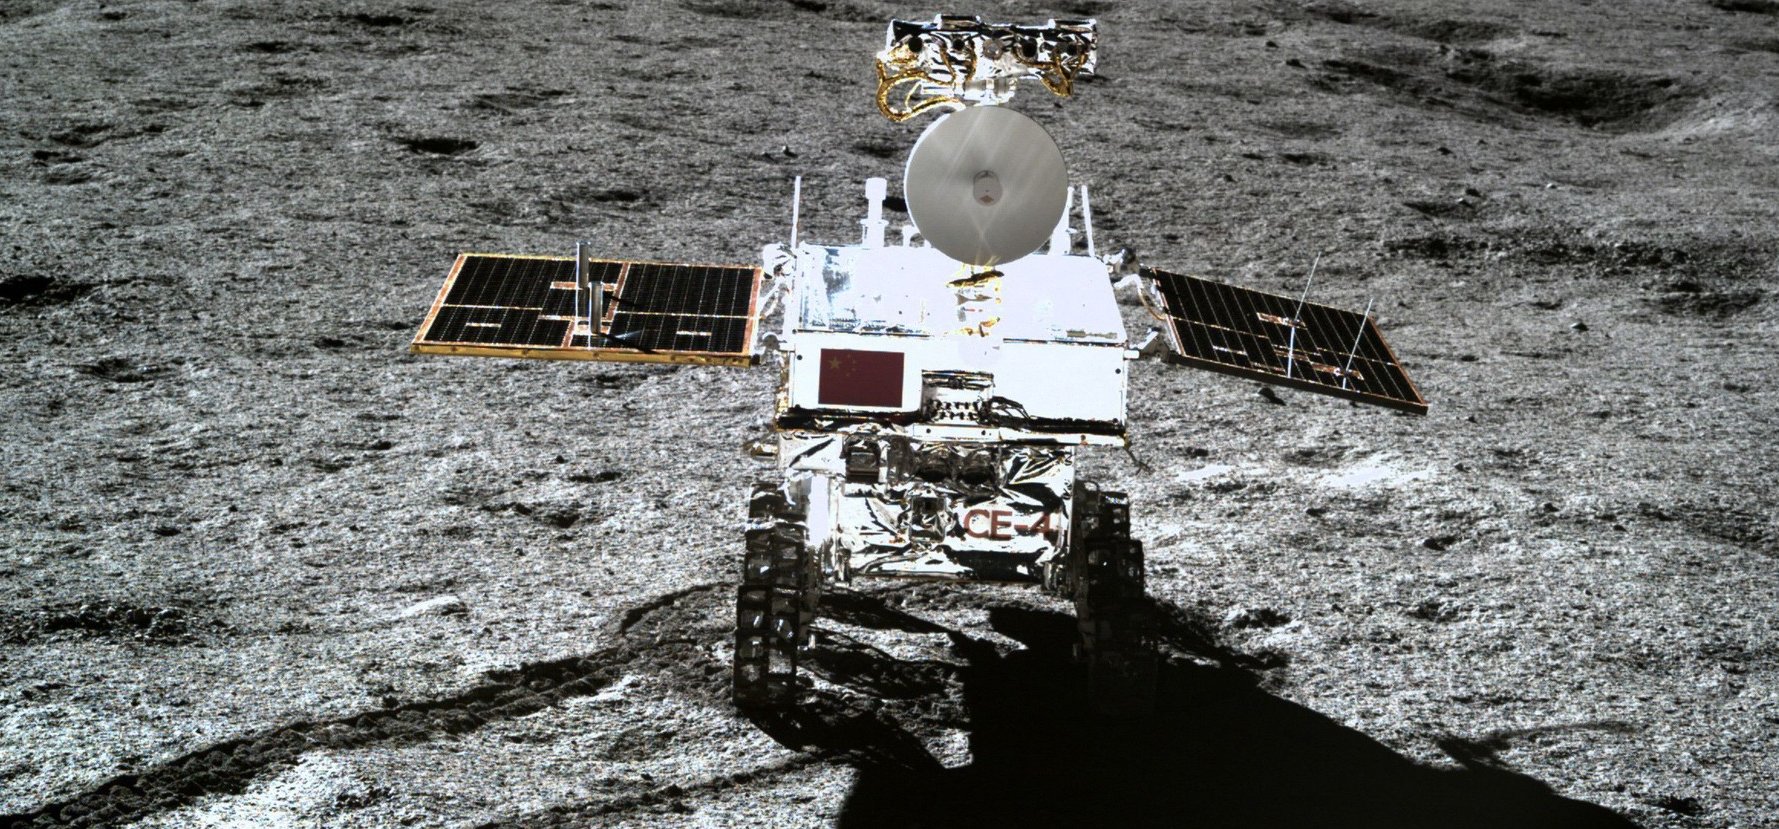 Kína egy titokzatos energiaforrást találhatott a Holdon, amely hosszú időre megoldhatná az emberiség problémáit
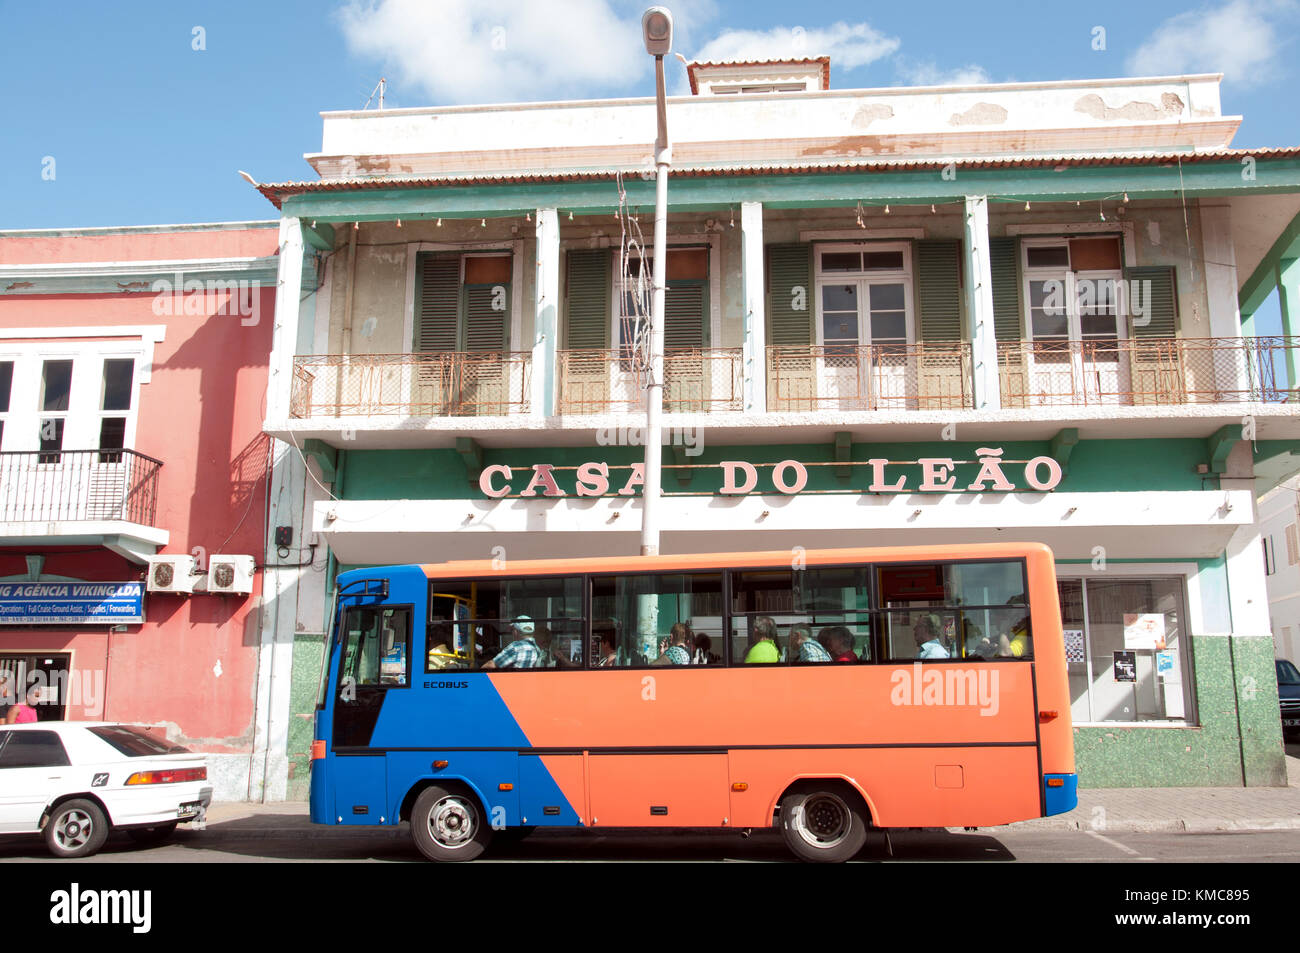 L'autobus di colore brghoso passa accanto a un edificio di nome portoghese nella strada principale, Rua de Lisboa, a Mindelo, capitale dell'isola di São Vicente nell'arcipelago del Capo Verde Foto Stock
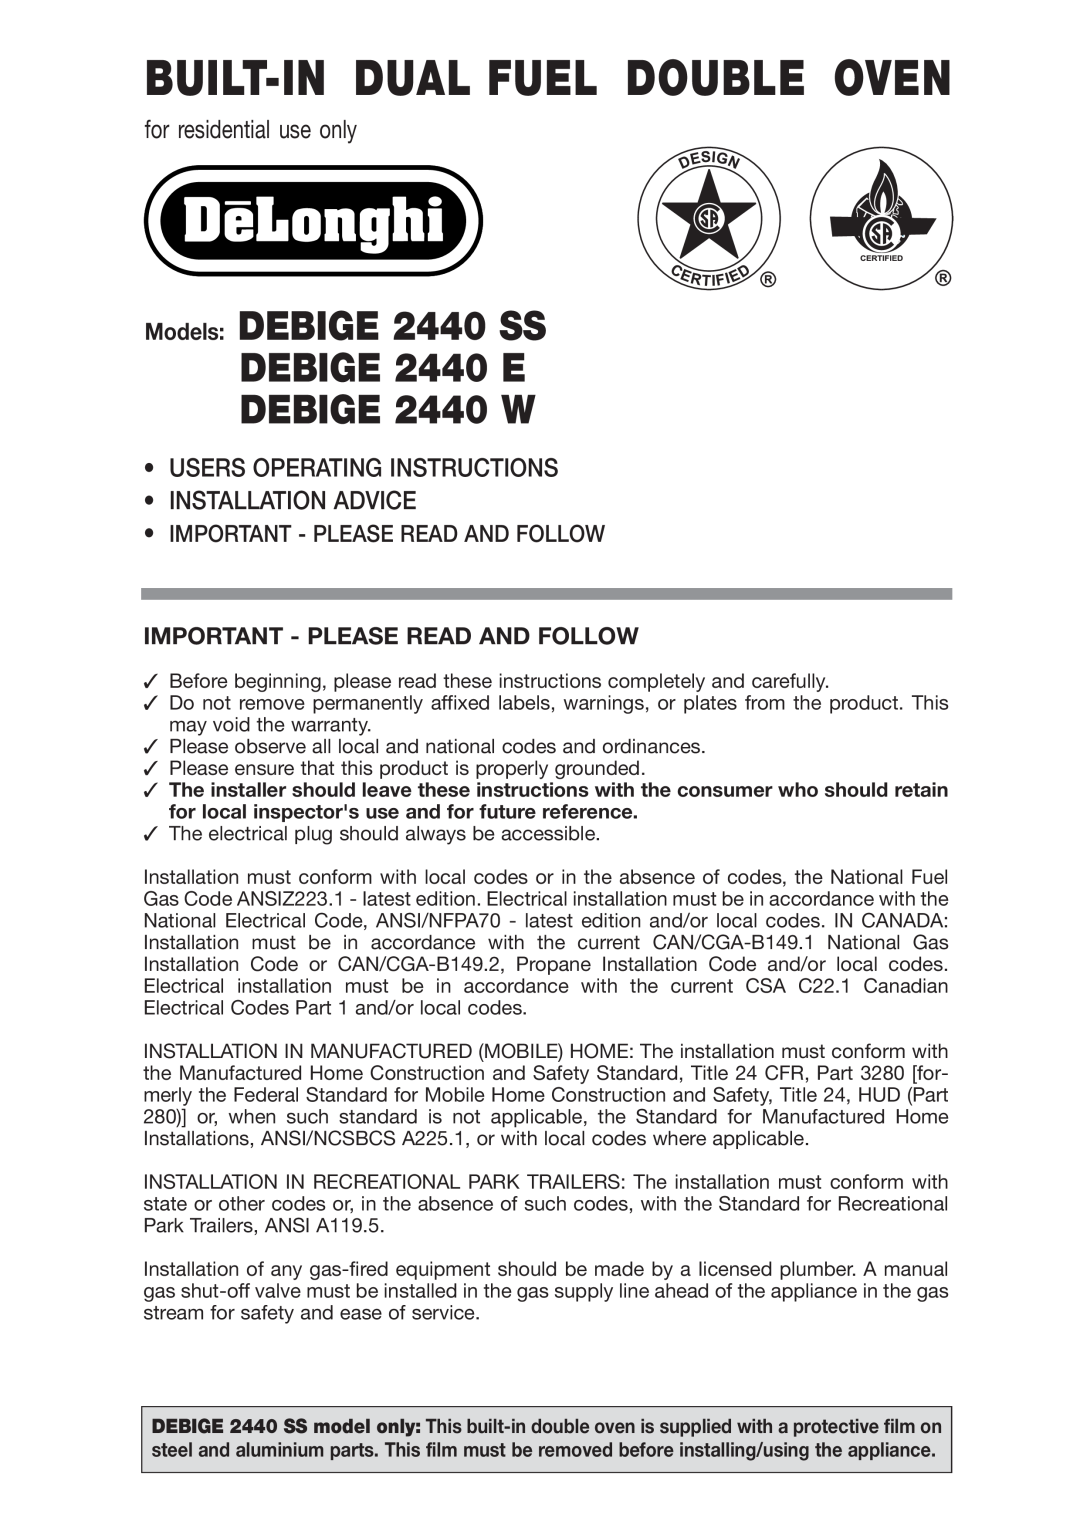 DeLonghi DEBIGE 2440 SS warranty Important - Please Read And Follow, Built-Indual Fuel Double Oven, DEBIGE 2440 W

======

• [WHAT NEEDS TO BE DONE]: Output the complete listing exactly as it appears, except for the images.

• [ANSWER SPACE]:
 Kína egy titokzatos energiaforrást találhatott a Holdon, amely hosszú időre megoldhatná az emberiség problémáit
 L'autobus di colore brghoso passa accanto a un edificio di nome portoghese nella strada principale, Rua de Lisboa, a Mindelo, capitale dell'isola di São Vicente nell'arcipelago del Capo Verde Foto Stock
 DeLonghi DEBIGE 2440 SS warranty Important - Please Read And Follow, Built-Indual Fuel Double Oven, DEBIGE 2440 W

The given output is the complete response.